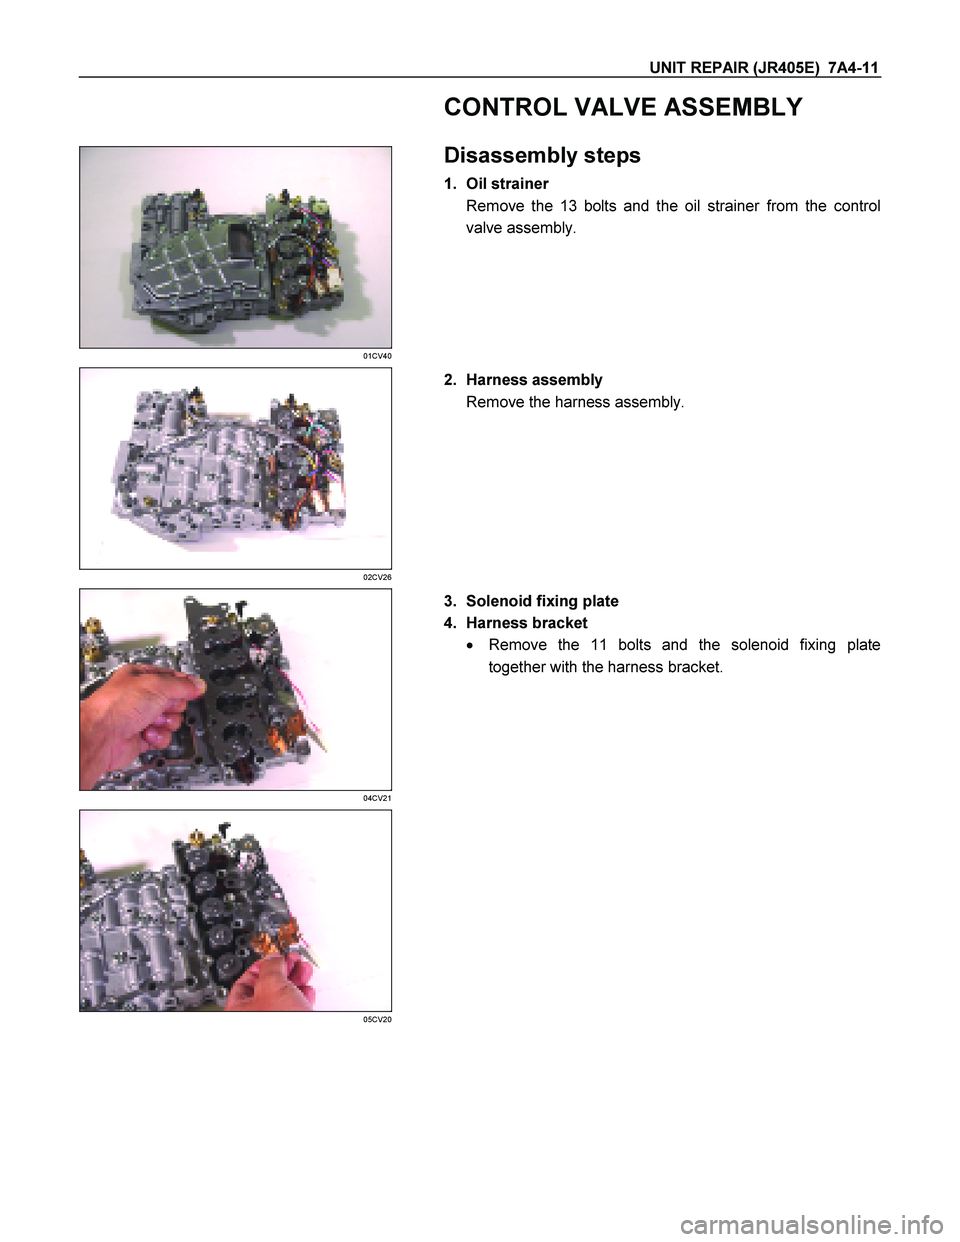 ISUZU TF SERIES 2004  Workshop Manual UNIT REPAIR (JR405E)  7A4-11 
   CONTROL VALVE ASSEMBLY 
 
 
01CV40 
  
 Disassembly steps 
1. Oil strainer  
Remove the 13 bolts and the oil strainer from the control
valve assembly.  
 
 
02CV26 
  
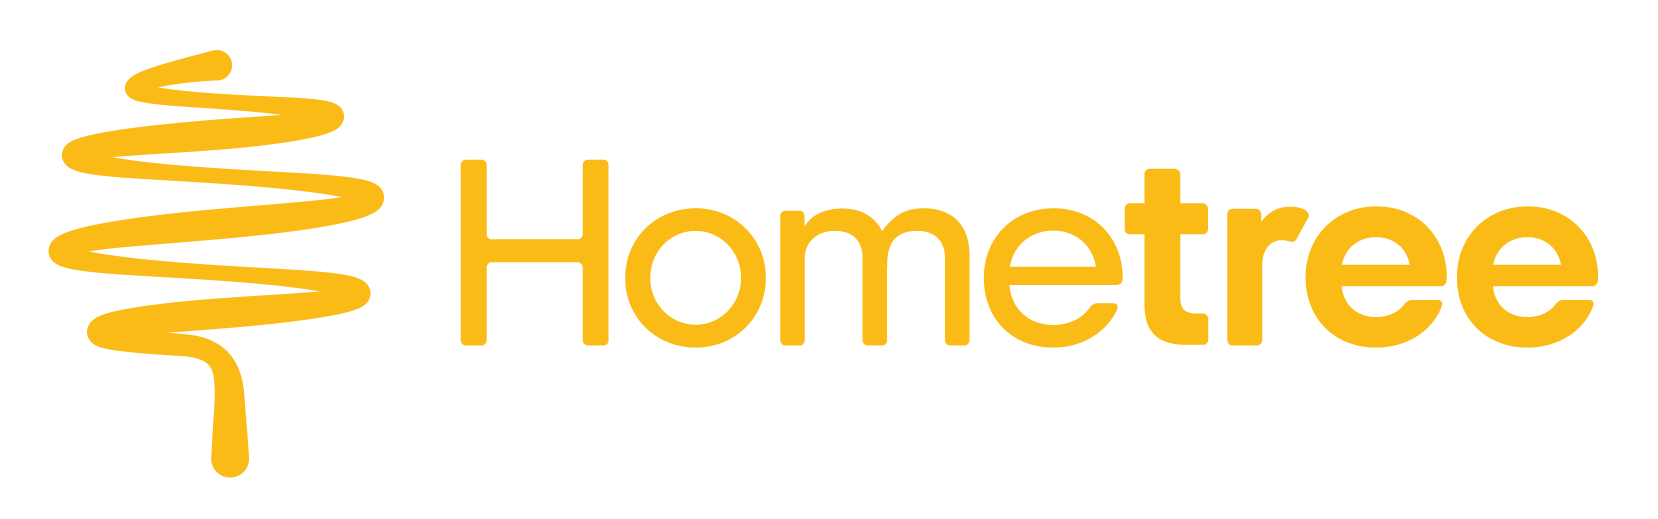 Home Tree Logo - New Boiler Installation & Replacement | Hometree
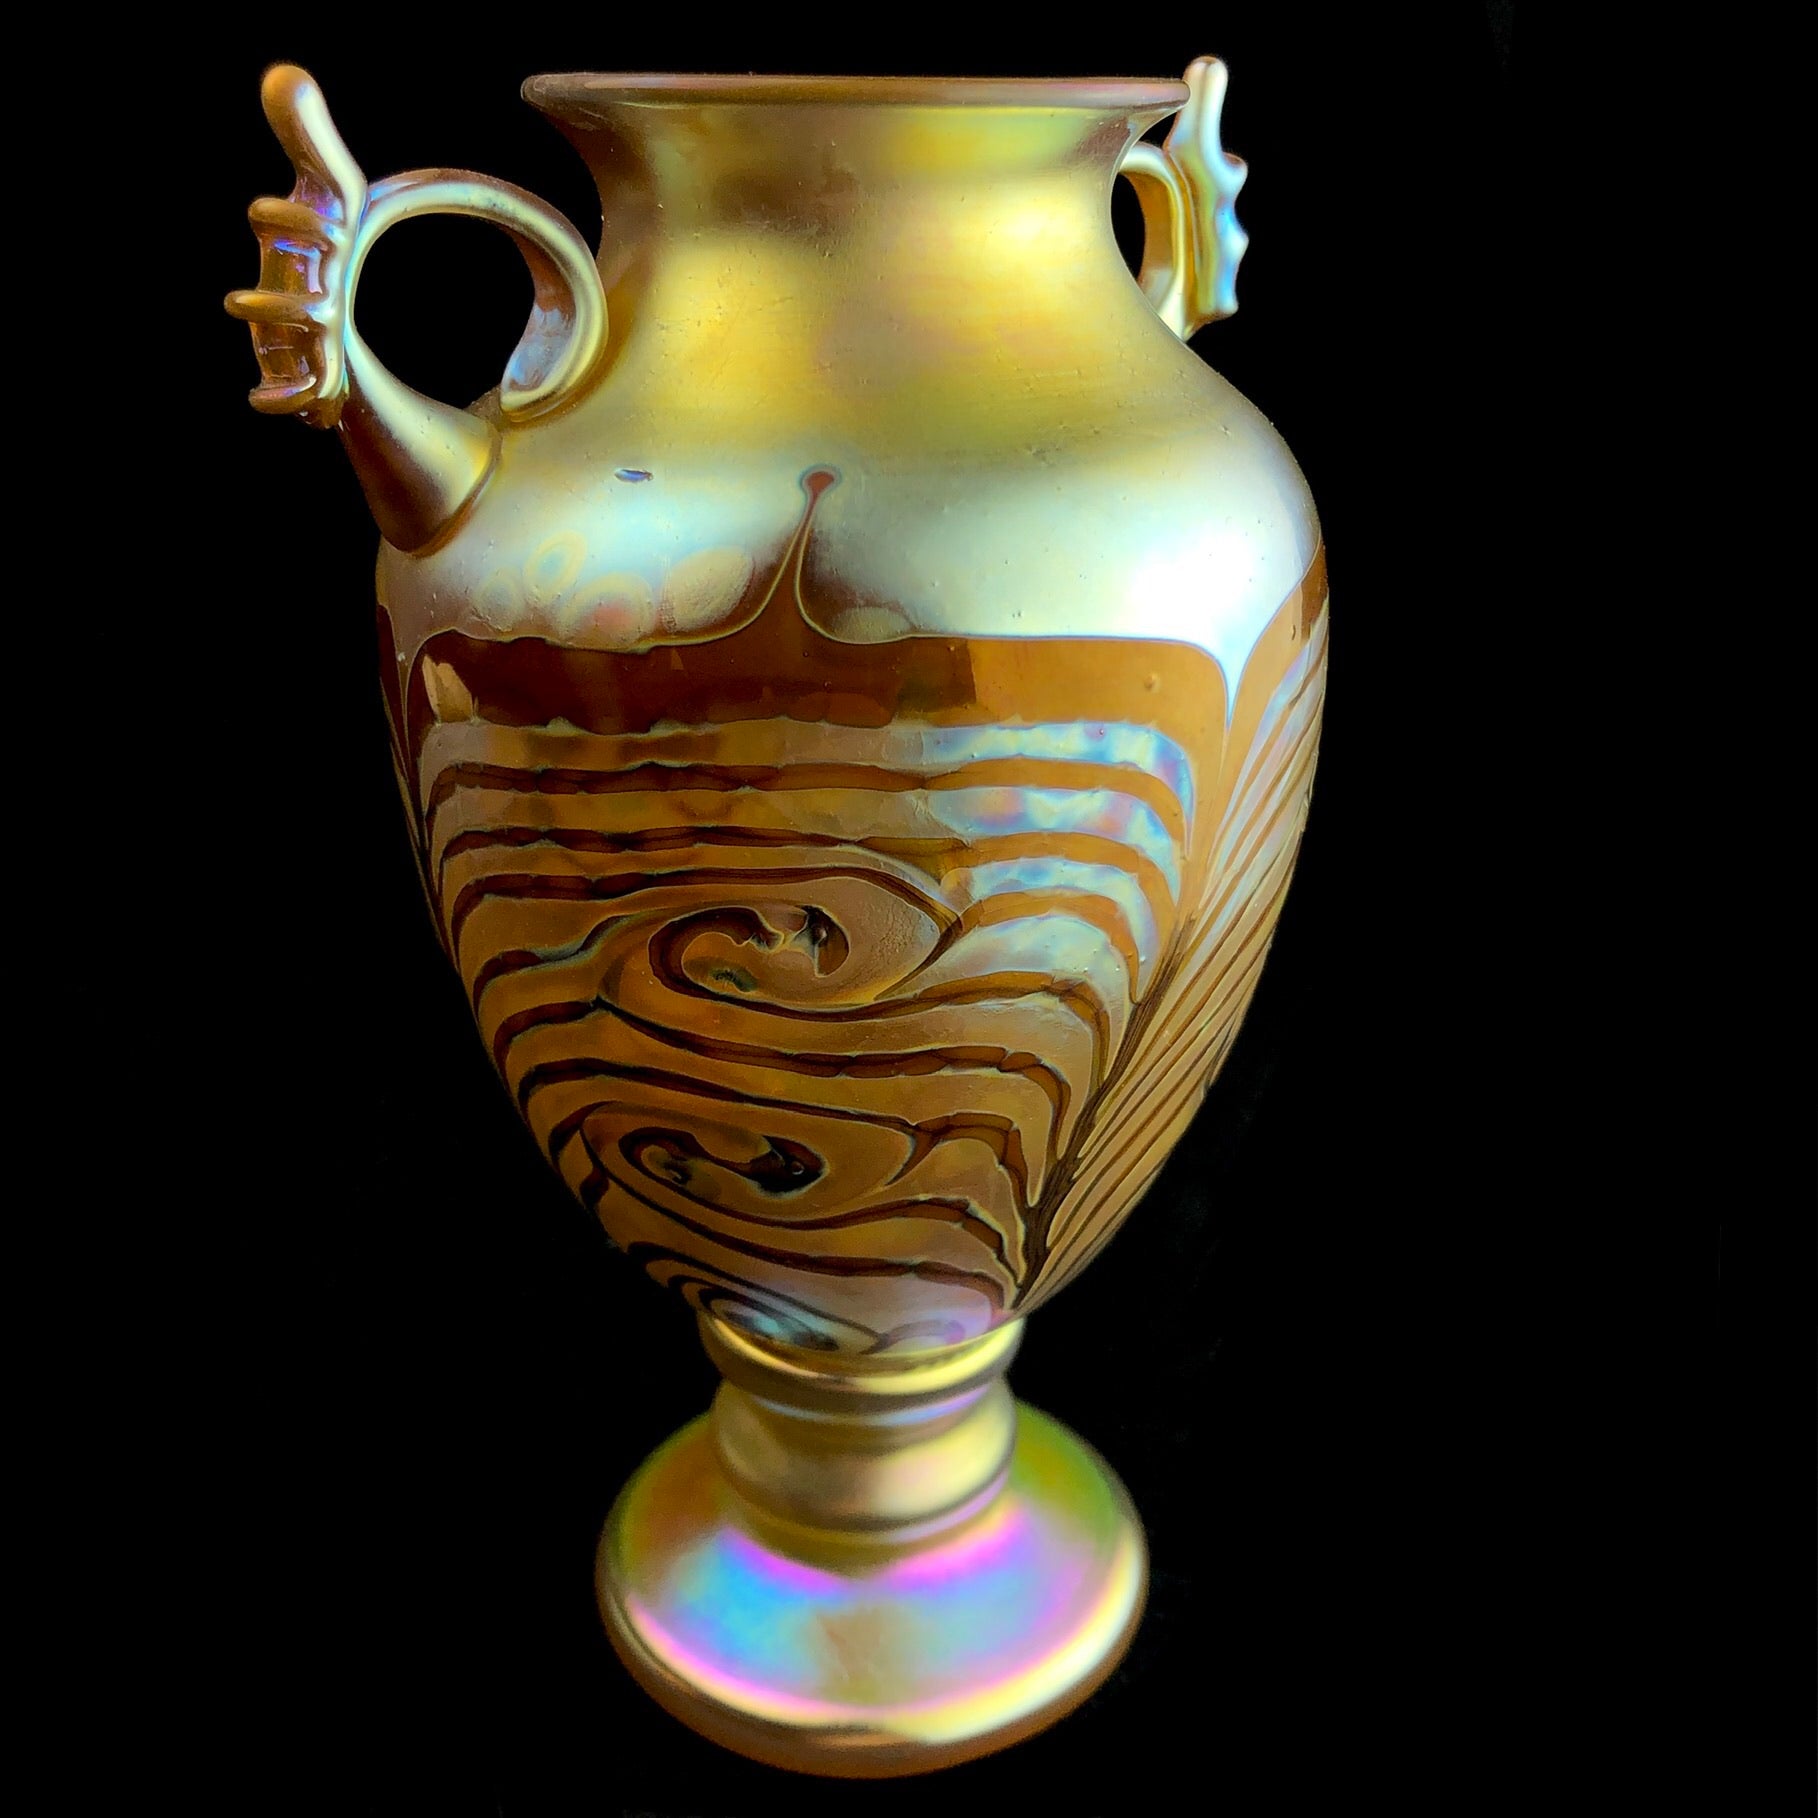 Side view of iridescent yellow vase with feather shaped decoration and color variation in glass

────────────────

> **Exercise**: Across the listing, how many lines hold "strainer"? The answer must be the number only.

> **Written reply**: 2